Ein ähnlicher Gedankengang führte auch in der in GesRZ 1976, 94 veröffentlichten Entscheidung des Obersten Gerichtshofes zur Bejahung der Frage, ob ein Herausgabeanspruch neben der KG auch gegen den Komplementär gerichtet werden könne. Auch wenn die eigentlich geschuldete Leistung die Erfüllung der Schuld durch die KG sei, so gehe die Verpflichtung des Komplementärs auch dahin, daß er für die Erfüllung durch die KG zu sorgen habe. Angesichts der Nähe, in der das Rechtsverhältnis von Gesellschaftsverbindlichkeit zur Gesellschafterhaftung bzw zu dem gesamten Schuldverhältnis stehe, sei es notwendig, im jeweiligen Einzelfall zu prüfen, ob und inwieweit die Vorschriften über das Gesamthandverhältnis nach ihrem Rechtsgedanken auch hier anwendbar seien.

Der Oberste Gerichtshof hat demnach die Haftung des Gesellschafters für dieselbe primäre Leistung, zu der die Gesellschaft verpflichtet ist, jedenfalls in all jenen Fällen bejaht, in denen die Abwägung des gläubigerschutzbezogenen Zweckes des § 128 HGB einerseits und des Haftungsbegrenzungsinteresses des Gesellschafters andererseits zugunsten des Gläubigers ausschlägt. Der erkennde Senat findet keinen Anlaß, von den bereits vom Obersten Gerichtshof dargelegten Grundsätzen abzugehen. Da zwischen einem Herausgabe- und einem Räumungsanspruch des Bestandgebers kein essentieller Unterschied besteht, ist auch hier die Passivlegitimation des Komplementärs zu bejahen. Gerade beim Räumungsanspruch zeigt sich im übrigen deutlich, daß einerseits ein bloßer Geldersatzanspruch des Gläubigers gegenüber dem Komplementär unbefriedigend wäre und daß andererseits der Gesellschafter durch die Erfüllungshaftung ohnehin in seiner gesellschaftsfreien Sphäre nicht mehr als bei einer Geldleistung beeinträchtigt wird (vgl Hämmerle-Wünsch 4/2, 212). In diesem Sinne hat auch der deutsche BGH die Haftung des persönlich haftenden Gesellschafters neben der Gesellschaft als Mieterin für die Herausgabe der Mietsache nach Beendigung des Mietverhältnisses bejaht (Der Betriebsberater 1987/1, 1201). Die Räumung eines Geschäftslokales stellt im Gegensatz zur Ansicht der Revision auch keine unvertretbare Handlung (vgl die Definition des § 354 EO insbesondere im Verhältnis zu § 349 EO) dar.
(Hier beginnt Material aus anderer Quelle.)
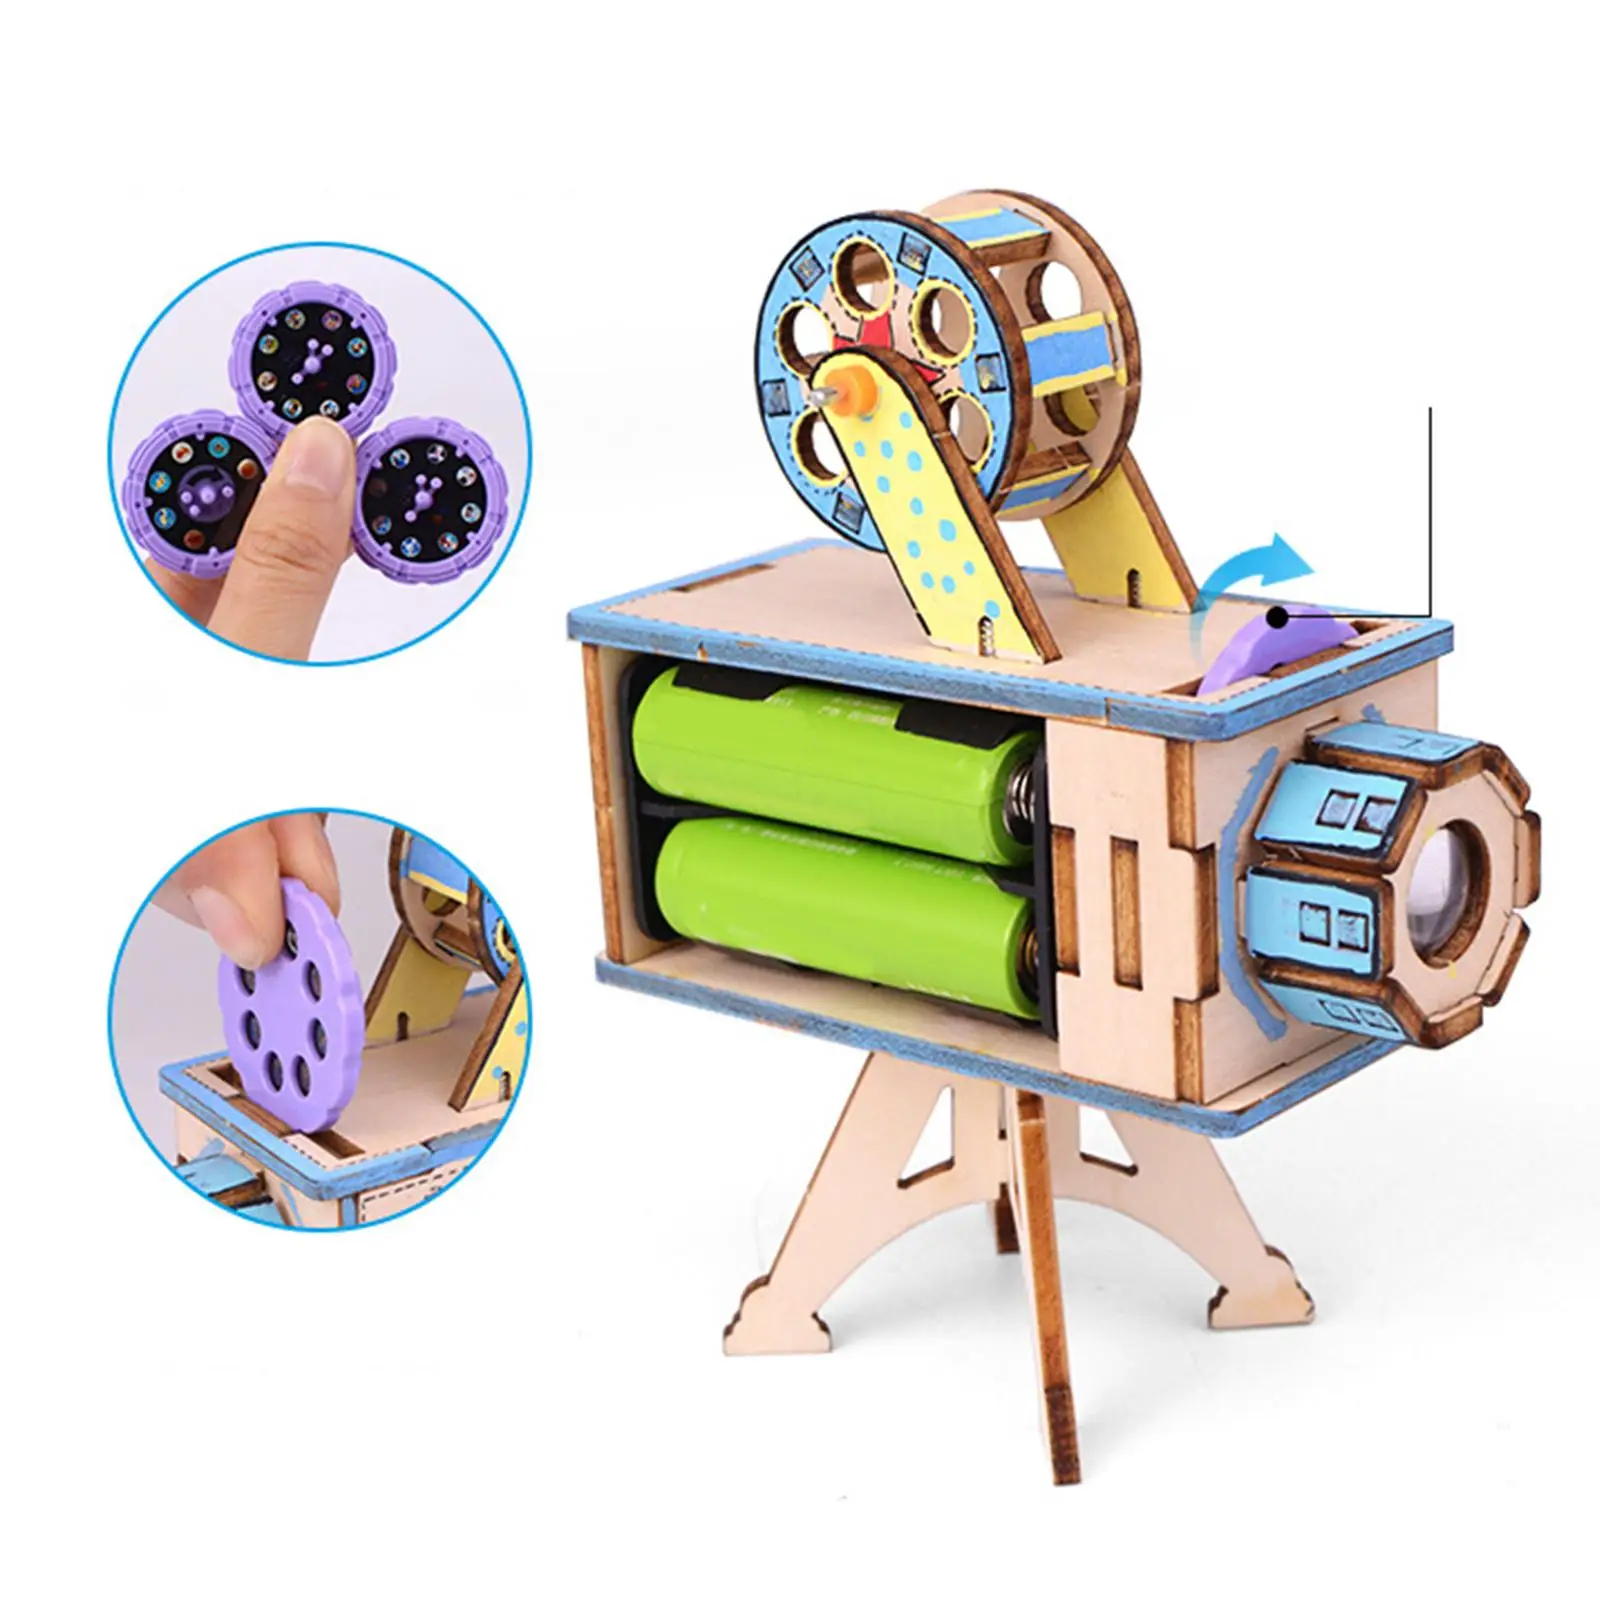 Projector Engineering Toys Educational Toys 3d Building Puzzles Electronic For Birthday Gifts

Das auch die zweitbeklagte Partei zur Räumung verpflichtende Urteil der zweiten Instanz war daher zu bestätigen.

Die Entscheidung über die Kosten des Revisionsverfahrens gründet sich auf die §§ 41 und 50 ZPO. Da in der Revisionsbeantwortung auf die Unzulässigkeit der Revision der erstbeklagten Partei nicht hingewiesen wurde, waren der klagenden Partei Kosten für die Revisionsbeantwortung insoweit (Streitgenossenzuschlag) nicht zuzusprechen.